* ASSIGNMENT: What is needed is each line of the data below that holds the string "para".

Extracted records:

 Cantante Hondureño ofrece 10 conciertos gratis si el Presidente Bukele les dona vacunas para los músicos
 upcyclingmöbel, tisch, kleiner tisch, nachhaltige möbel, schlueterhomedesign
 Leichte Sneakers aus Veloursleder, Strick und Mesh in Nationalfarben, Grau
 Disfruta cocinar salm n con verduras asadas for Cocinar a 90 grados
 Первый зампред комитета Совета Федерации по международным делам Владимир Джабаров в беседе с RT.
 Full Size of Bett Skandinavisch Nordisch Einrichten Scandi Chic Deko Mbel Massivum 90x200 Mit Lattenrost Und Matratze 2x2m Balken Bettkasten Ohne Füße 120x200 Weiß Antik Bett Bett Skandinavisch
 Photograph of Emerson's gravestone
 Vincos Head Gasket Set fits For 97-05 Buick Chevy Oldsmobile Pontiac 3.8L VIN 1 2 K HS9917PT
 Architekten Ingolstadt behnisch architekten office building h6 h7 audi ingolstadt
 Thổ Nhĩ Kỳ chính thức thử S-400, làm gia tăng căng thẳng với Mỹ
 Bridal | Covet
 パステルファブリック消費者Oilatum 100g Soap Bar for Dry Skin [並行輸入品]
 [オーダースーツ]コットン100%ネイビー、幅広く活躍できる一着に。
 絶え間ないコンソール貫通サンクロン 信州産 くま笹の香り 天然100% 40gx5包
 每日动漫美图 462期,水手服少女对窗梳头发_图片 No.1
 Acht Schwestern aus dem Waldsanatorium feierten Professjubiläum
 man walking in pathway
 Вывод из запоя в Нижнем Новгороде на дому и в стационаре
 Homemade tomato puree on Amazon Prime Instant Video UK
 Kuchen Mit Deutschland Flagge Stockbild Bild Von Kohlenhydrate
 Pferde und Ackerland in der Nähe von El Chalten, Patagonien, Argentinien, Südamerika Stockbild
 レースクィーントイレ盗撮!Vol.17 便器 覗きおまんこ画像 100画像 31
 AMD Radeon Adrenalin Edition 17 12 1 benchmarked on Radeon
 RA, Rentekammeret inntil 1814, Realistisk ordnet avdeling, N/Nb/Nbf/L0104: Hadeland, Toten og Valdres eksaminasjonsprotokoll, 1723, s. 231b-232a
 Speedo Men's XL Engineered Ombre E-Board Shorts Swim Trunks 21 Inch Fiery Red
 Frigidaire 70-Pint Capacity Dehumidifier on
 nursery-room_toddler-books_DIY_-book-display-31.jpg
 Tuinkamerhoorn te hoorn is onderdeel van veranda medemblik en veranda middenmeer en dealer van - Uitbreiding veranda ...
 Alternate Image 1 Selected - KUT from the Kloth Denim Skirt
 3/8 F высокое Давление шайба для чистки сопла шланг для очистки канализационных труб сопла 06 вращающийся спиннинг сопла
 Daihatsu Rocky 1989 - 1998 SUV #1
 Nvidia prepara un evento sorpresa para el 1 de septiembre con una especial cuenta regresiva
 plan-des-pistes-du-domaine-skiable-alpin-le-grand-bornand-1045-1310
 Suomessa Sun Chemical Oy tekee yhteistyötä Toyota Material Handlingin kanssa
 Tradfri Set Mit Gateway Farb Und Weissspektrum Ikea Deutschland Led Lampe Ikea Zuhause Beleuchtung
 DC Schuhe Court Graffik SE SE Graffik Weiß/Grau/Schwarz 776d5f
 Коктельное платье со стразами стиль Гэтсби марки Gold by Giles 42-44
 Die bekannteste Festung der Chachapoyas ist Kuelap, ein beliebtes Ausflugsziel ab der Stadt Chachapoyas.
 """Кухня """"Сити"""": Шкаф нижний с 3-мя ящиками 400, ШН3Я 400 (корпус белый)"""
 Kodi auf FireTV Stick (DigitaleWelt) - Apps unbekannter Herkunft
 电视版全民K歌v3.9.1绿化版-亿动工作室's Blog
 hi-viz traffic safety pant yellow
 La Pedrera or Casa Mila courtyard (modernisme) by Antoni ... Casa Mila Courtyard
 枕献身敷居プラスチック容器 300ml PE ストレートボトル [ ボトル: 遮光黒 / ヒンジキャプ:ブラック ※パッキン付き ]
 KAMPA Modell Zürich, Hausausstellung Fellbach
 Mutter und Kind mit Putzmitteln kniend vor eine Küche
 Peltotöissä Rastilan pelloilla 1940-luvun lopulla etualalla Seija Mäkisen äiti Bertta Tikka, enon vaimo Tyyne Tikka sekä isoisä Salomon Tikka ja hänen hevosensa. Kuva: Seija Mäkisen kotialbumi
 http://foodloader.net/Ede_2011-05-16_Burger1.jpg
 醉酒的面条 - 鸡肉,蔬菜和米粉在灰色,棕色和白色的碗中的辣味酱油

* OUTPUT BELOW:
 Cantante Hondureño ofrece 10 conciertos gratis si el Presidente Bukele les dona vacunas para los músicos
 Nvidia prepara un evento sorpresa para el 1 de septiembre con una especial cuenta regresiva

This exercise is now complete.